Greffier, lors des débats : Mme Mélanie THOMAS
ARRÊT :
— contradictoire
— par mise à disposition de l’arrêt au greffe de la Cour, les parties en ayant été préalablement avisées dans les conditions prévues au deuxième alinéa de l’article 450 du code de procédure civile.
— signé par Vincent BRAUD, président de chambre et par Mélanie THOMAS, greffier, présent lors de la mise à disposition.
* * * * *
FAITS, PROCÉDURE ET PRÉTENTIONS DES PARTIES
Par acte authentique en date du 13 février 2009 faisant suite à un offre de crédit du 4 décembre 2008, la société Banque Patrimoine Immobilier aux droits de laquelle vient la société Crédit Immobilier de France Développement a consenti à M. [I] [D], demeurant en Norvège, un prêt immobilier d’un montant de 212 650 euros destiné à financer un bien à usage locatif acquis auprès d’une s.à.r.l. le [Adresse 7] et sis à [Localité 8] dont le prix était de 209 000 euros.
Compte tenu de la cessation de paiement des échéances, la déchéance du terme a été prononcée par la banque et l’emprunteur mis en demeure d’avoir à payer une somme de 215 037,07 euros par lettre recommandée avec accusé de réception du 12 mars 2015.
A la suite d’un commandement aux fins de saisie vente du 24 décembre 2015, un jugement d’orientation du 20 février 2017 du tribunal de grande instance de Montpellier a fixé la créance à la somme de 215 948,82 euros et ordonnée la vente du bien qui a été adjugé pour un montant de 90 000 euros le 29 mai 2017.
Par acte en date du 23 octobre 2018, le CIFD a assigné M. [I] [D] devant le tribunal judiciaire de Paris en paiement des sommes restant due au titre du prêt.

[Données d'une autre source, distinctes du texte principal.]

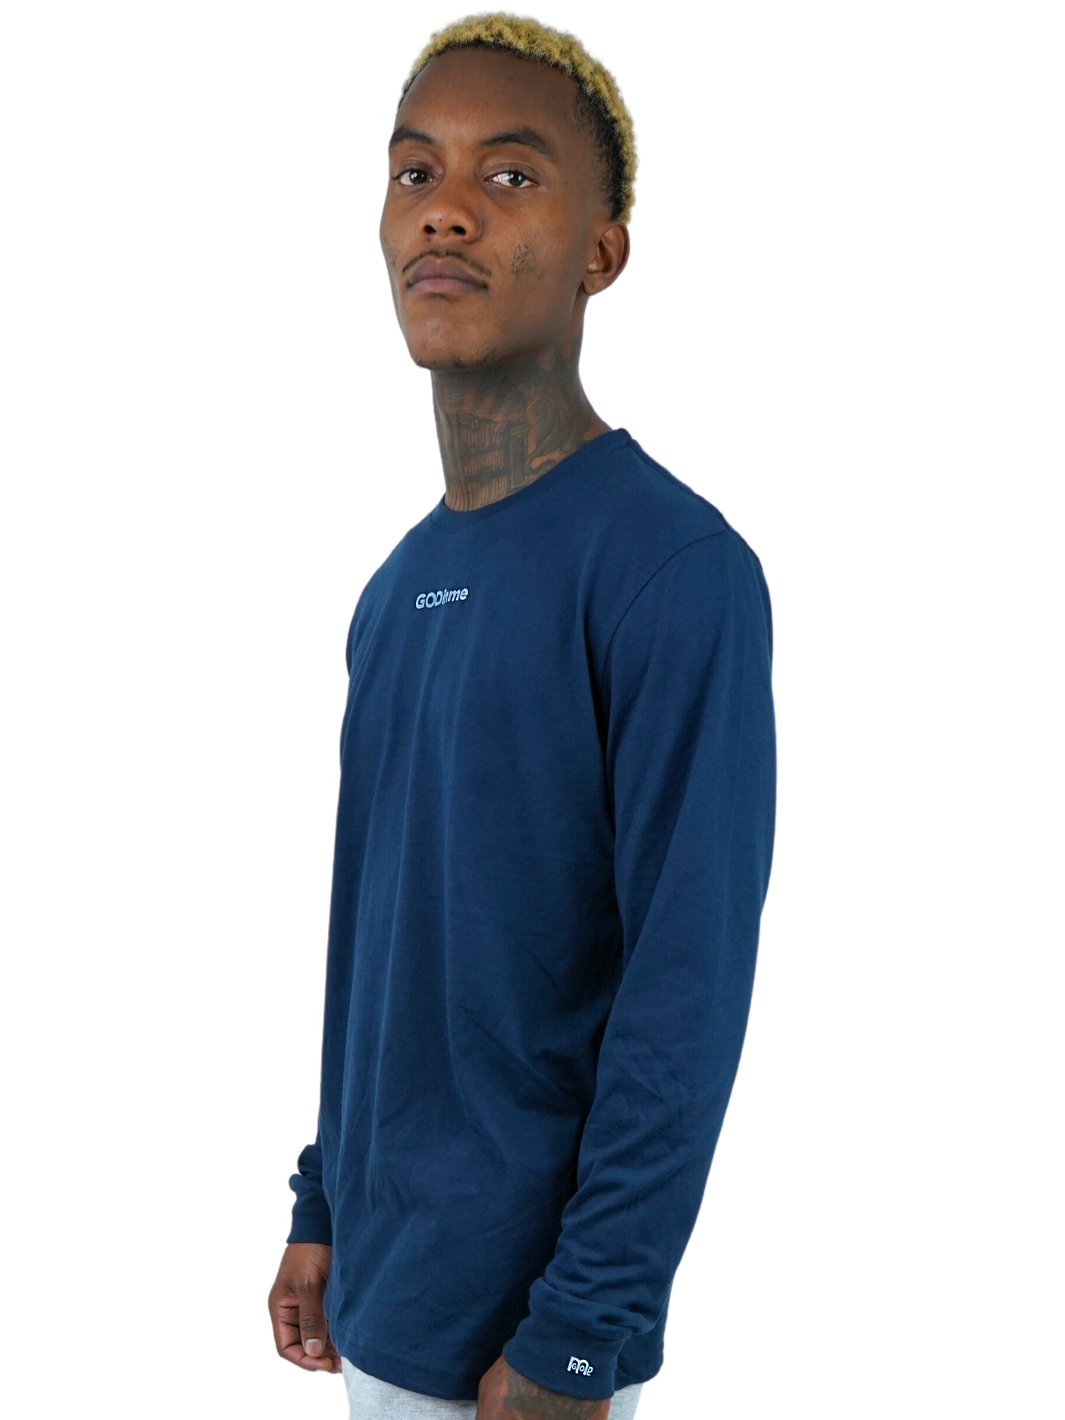 Made to feel like sueded peach fuzz, this Blue long sleeve shirt offers unbeatable comfort. The GODinme printed on front chest and the logo on sleeve cuffs and upper back represent boldness and style.

Par jugement en date du 10 septembre 2021, le tribunal devenu judiciaire de Paris a notamment statué ainsi :
— déclare le tribunal compétent,
— condamne M. [D] à payer à la société CIFD la somme de 215.037,33 euros augmentée des intérêts au taux conventionnel variable de 5,7% à compter du 12 mars 2015, déduction devant être faite de la somme reçue ou à percevoir par la société CIFD de la distribution faisant suite au jugement d’adjudication rendu par le juge de l’exécution près le tribunal de grande instance de Montpellier du 29 mai 2017,
— condamne M. [D] à payer à la société CIFD la somme de 3000 euros sur le fondement des dispositions de l’article 700 du code de procédure civile.
Par déclaration au greffe en date du 8 mars 2023 M. [I] [D] a interjeté appel de tous les chefs du dispositif du jugement.
Par ses dernières conclusions en date du 8 juin 2023, M. [I] [D] fait valoir, d’abord, que le contrat de prêt est nul dès lors que son consentement a été vicié puisqu’il ne comprend ni ne parle le français, que les sommes réclamées ne sont pas justifiées, ensuite que la banque a manqué à son obligation de mise en garde sur le risque d’endettement excessif issu de l’octroi du prêt et le caractère non viable de l’opération financée, de sorte qu’il demande à la cour de statuer ainsi :
— infirmer le jugement entrepris,
— statuant à nouveau,
— prononcer la nullité du contrat de prêt,
— par conséquent, condamner le CIFD à lui payer la somme de 116 520,1 euros,
— en tout état de cause,
— condamner le CIFD à lui payer la somme de 150 000 euros de dommages-intérêts,
— débouter le CIFD de toutes ses demandes,
— condamner le CIFD à lui payer la somme de 6 000 euros euros en application de l’article 700 du code de procédure civile.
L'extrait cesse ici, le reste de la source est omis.